Does anyone know of a good source for ti bolts?

Thanks!


----------



## dansjustchillin (Apr 28, 2005)

Why Ti? Aluminum is so much lighter. go to eBay store and check out Toronto Cycles. He usually has derailleur hardware.


----------



## SDizzle (May 1, 2004)

dansjustchillin said:


> Why Ti? Aluminum is so much lighter. go to eBay store and check out Toronto Cycles. He usually has derailleur hardware.

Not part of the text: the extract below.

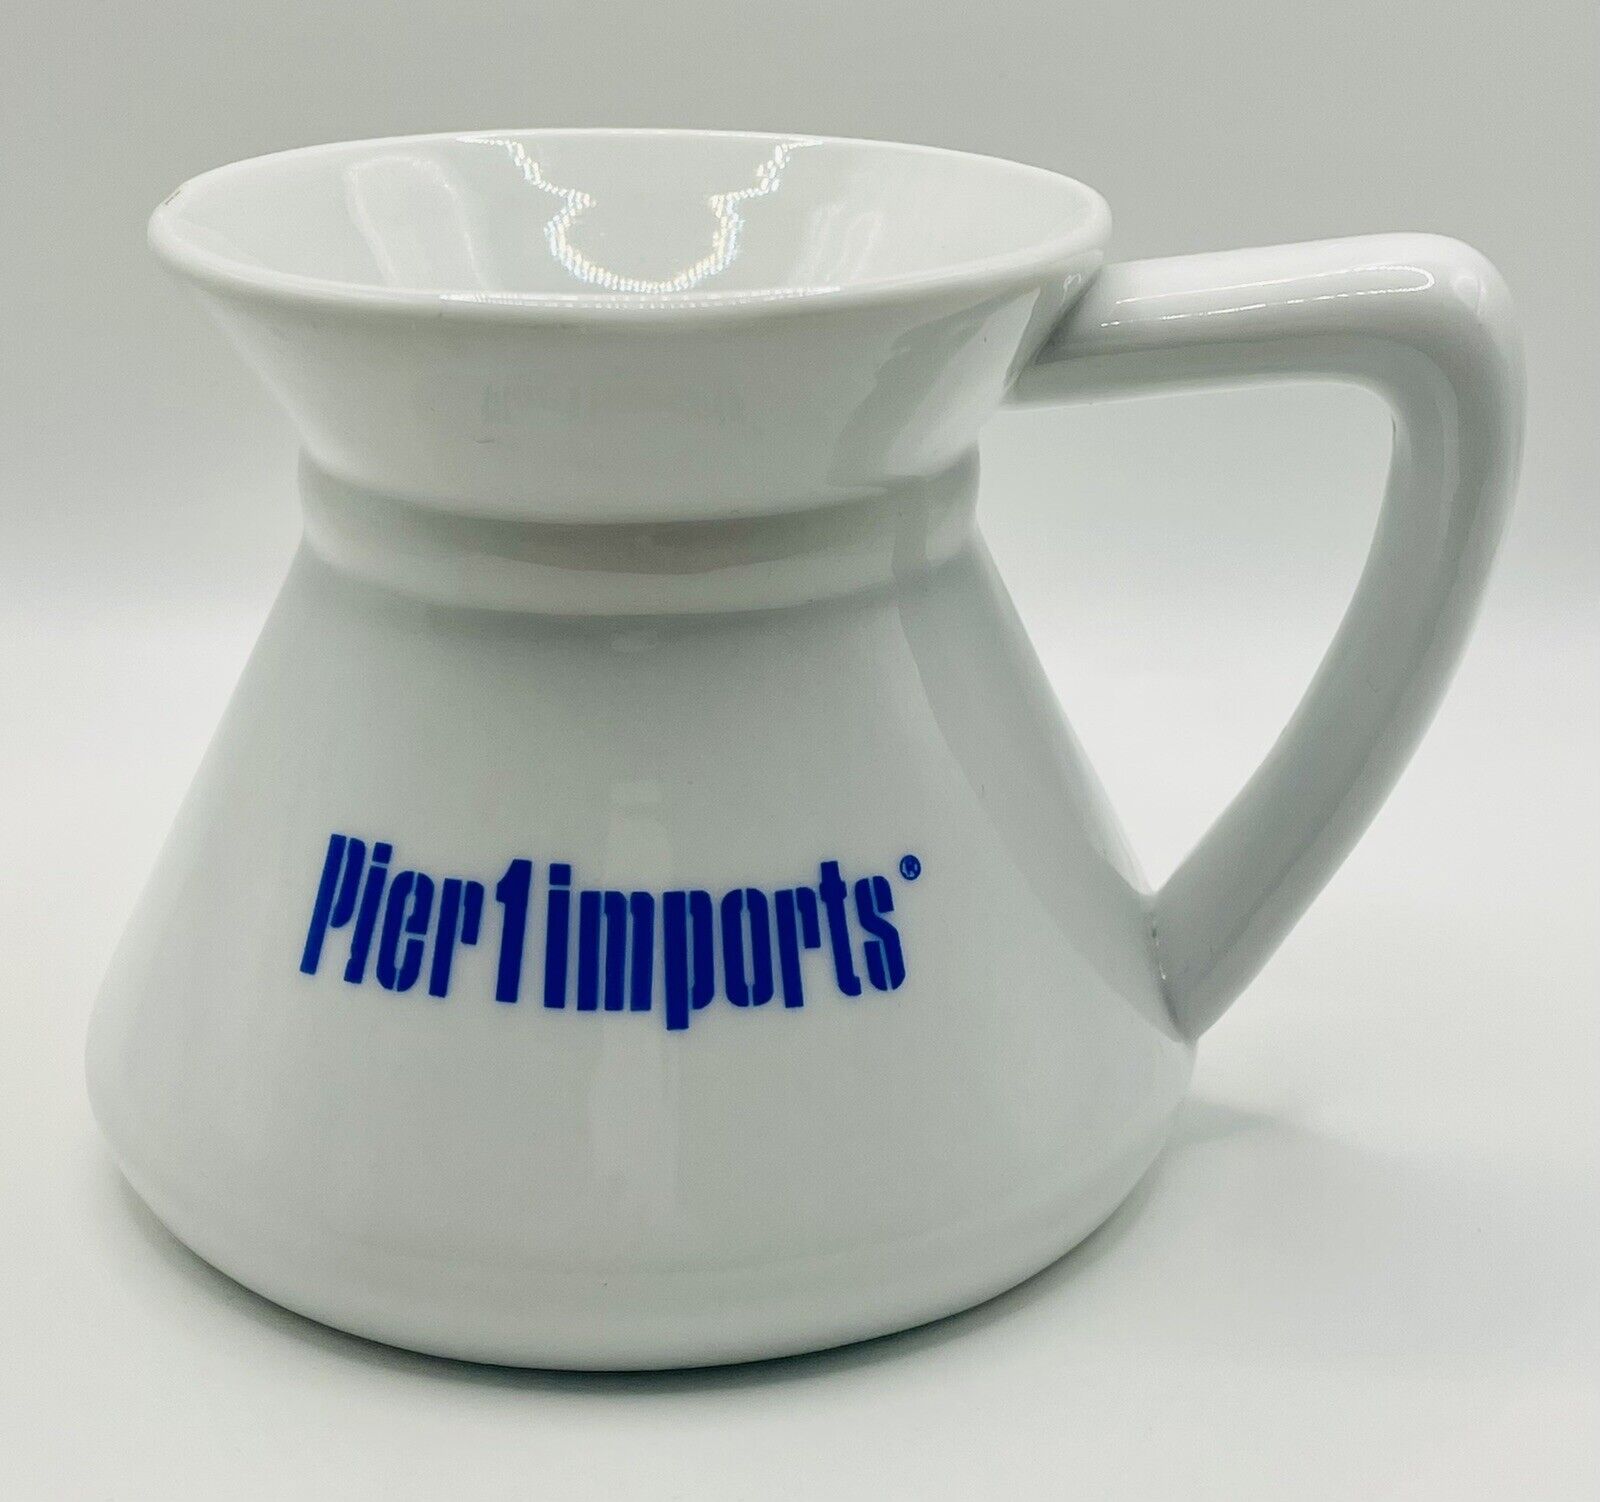 Pier 1 Imports Advertising Promotional Mug

Yeah, that, and what the hell's the matter with the stock bolt? Unless they changed something for 2007 - which I don't think they did - pretty much all the hardware in the Record derailleur, including the pivot bolt, is Ti.


----------



## dansjustchillin (Apr 28, 2005)

SDizzle said:


> Yeah, that, and what the hell's the matter with the stock bolt?


It's stock! I don't know about you guys but I sleep better at night knowing that most of what I own is not stock. If it's worth replacing, it's worth upgrading.:thumbsup:


----------